会長候補はSweets☆王子!?
 すると、俺のケータイに着信。【永末涼香】


「……ちょっと取り込み中! 後にしてくれ!!」

『大内君っ! こっちも大至急!! グラウンド裏に来て!!
 西村さんが倒れてるの!!』

「何っ!? 西村さんが? 矢田部さんはっ!?」

『ううん……とにかく早くっ!!』


 既に西村陣営の三人は、脱兎のごとく生徒会室を飛び出していた。

「おいっ!! お前たちー! 場所はグラウンド裏だぞー!?」

 背後から声を掛けると、俺を追い越して池永も全速力で走り、アドルフォさんは全員を追い抜く程の脚力で、現場へと一目散に向かった。

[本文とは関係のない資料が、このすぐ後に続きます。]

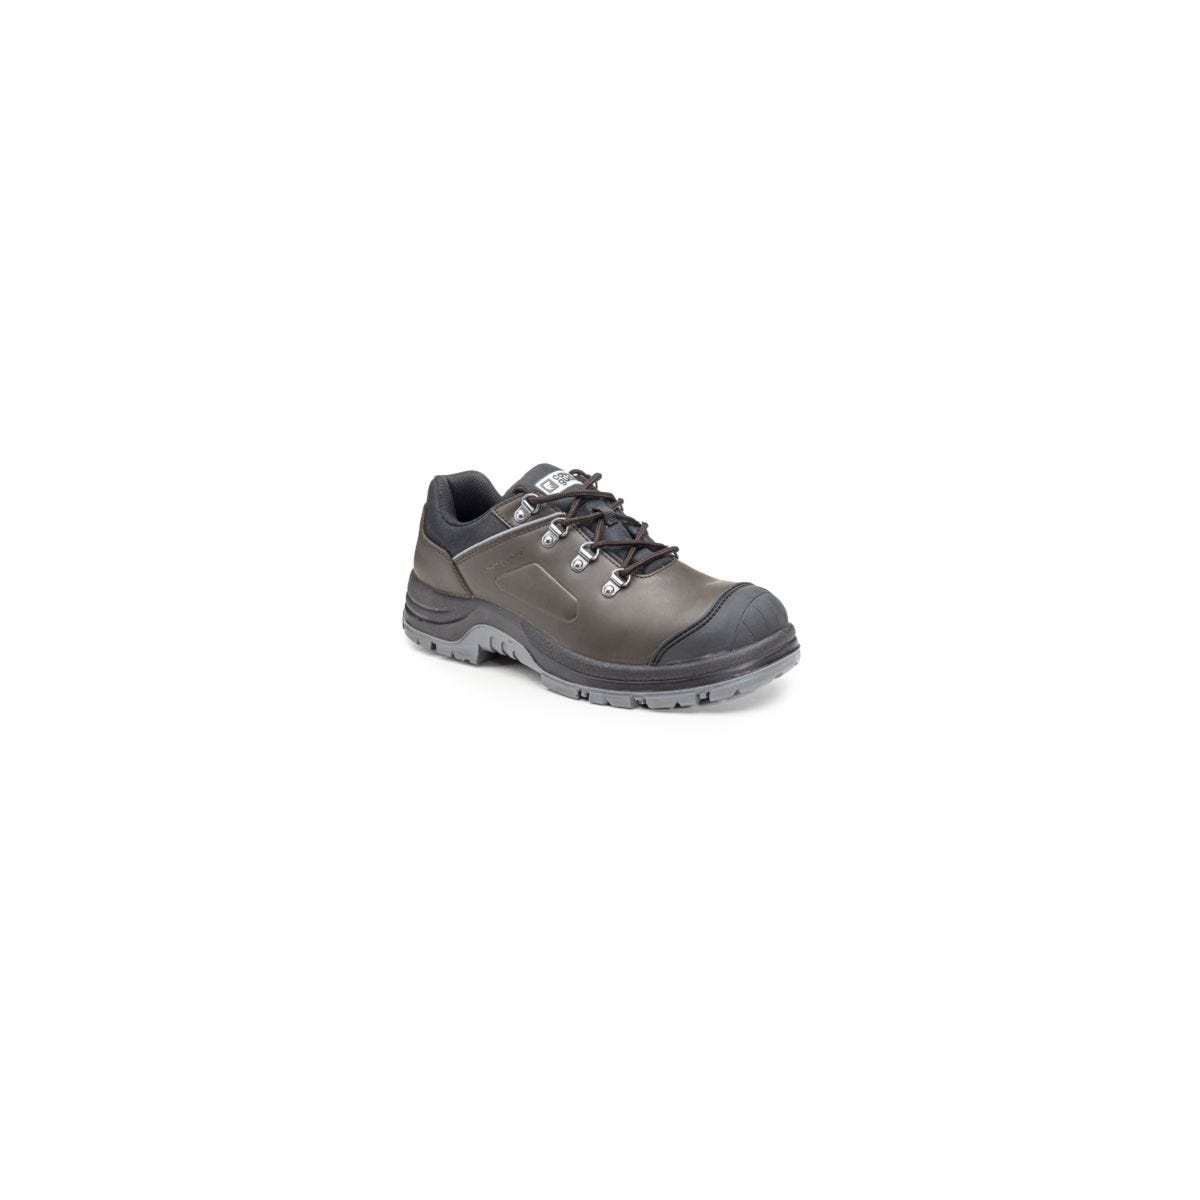 Chaussures de sécurité S3 FLINT Basse Croute de cuir Marron - COVERGUARD - Taille 41 0

 ススキの生い茂る草むらの中で、制服を泥だらけにした西村さんがうずくまっていた。横では不安そうな面持ちの永末さんが付き添っている。


「姫っ!! 大丈夫か? 怪我はないか!?」

 梶山が西村さんの体を支えるように、かたわらにしゃがみ込む。

「あたしは、大丈夫。それより、矢田部さんが男たちに連れ去られた!
 犯人は4人。車は黒の左ハンドル、ナンバーまでは見えなかったけど、国道10号線の……そこの路肩に止めてあったわ」

 西村さんは、すり傷から滲み出る血を気に留めることもなく、立ち上がると車道を指差す。